Gulping down the hot air, fearful he might faint, he joined the disorganised retreat.
The castle was lost.
But I am not, he reasoned and sought to cast another spell. He knew he was overexerting himself, but he had no choice. He would have liked time to rest and calm his mind better, but forced his will onto the new spell and worked through the pain as it grew exponentially in his chest.
It was difficult, both to ignore the pain and the danger of the racing fire behind him, but he revelled in it knowing his life was depending on this spell more than any other. All too quickly, the spell was formed and waiting in his hand and he flicked his fingers with deliberate delicacy.
With a sudden flash of blue light, Takar disappeared from the burning wall and reappeared at the castle docks. Teleportation only worked properly when a specific place had been marked out previously in his mind, and he marked the docks as soon as he arrived at the Old World two weeks ago in case escape was needed. Lurching about on the jetty, he steadied himself against a wooden pylon and waited for the nausea to ride itself out.
Finally it dissipated and found himself alone and the city behind him bathed in an orange from the coming fire at the walls. The screams of the fear crazed town civilians and soldiers meandered down through the salty sea air with a profound sadness that Takar did not feel.
Instead he was angry.
He had come here seeking riches, favour and glory. Instead it had been a disastrous failure. All was lost, even the fortress that had stood proud and strong for nearly a hundred years. A symbol of man's spirit of adventure and yearning to conquer and explore and he was responsible for its destruction.
Despondent, he went about untying the moorings and stepped up the plank to the deck of his ship.

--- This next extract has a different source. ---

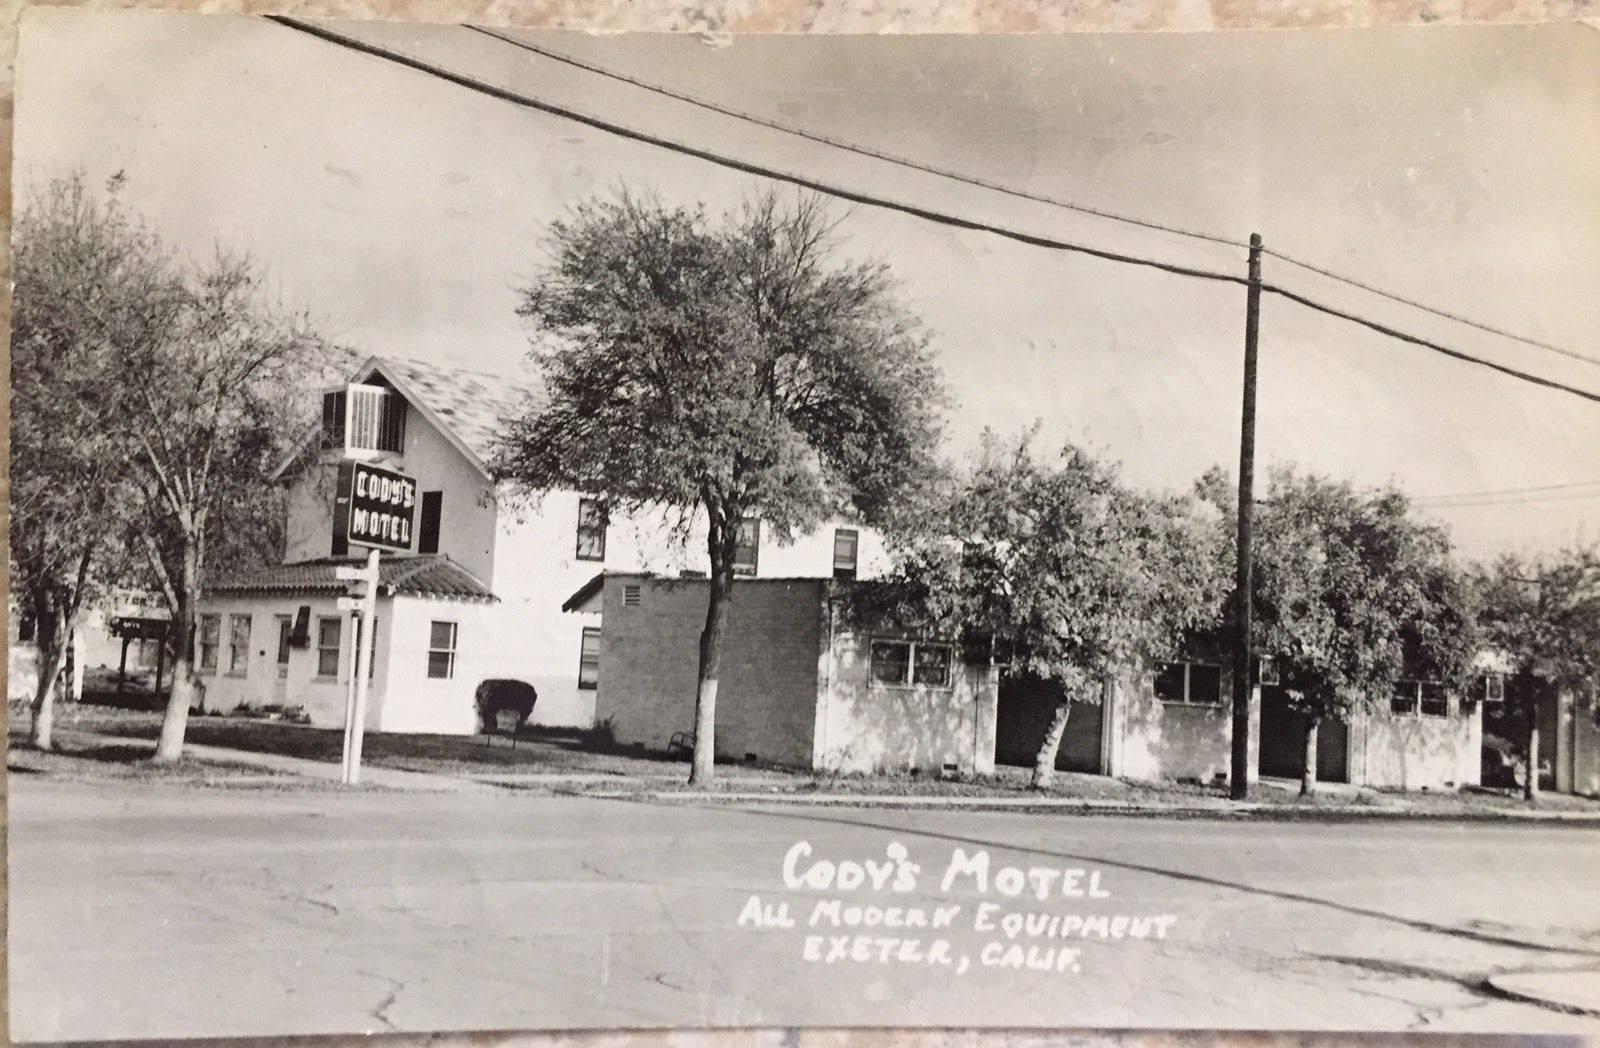 historical exeter-codys motel

"Milord! What is happening?" One of the deckhands asked, panic in his eyes and those of the rest of the crew behind him. They were mercenaries, one and all, loyalty purchased with the king's gold. Nevertheless, they were the most experienced at traversing the North Sea to the Old World and had a canny knack for survival.
Hence I find them here, already on board. Takar couldn't help but smile at the dumbfounded crew. "Push off and make for home at once, Lorader."
"But the townsfolk, the soldiers-."
"Are lost." Takar cut him off and swept his eyes over the stunned crew with fury in his eyes. "Get to it, or I'll boil the brains right out of your thick heads right now!"
As street smart and experienced as the men were, magicians were never ones to be trifled with as far as they were concerned, and despite their own misgivings, they set about setting sail and disembarking.
Quickly the ship drifted out towards the mouth of the bay and the castle pulled away. However, they were all close enough to see the crowd of people that were gathered too late at the docks and their desperate cries as they were left to die, whether by fire or otherwise.
The crew couldn't help but look back at them with honest sadness and low hearts. Takar kept his eyes south towards Duht's Castle, already thinking of how he was going to explain himself to the king.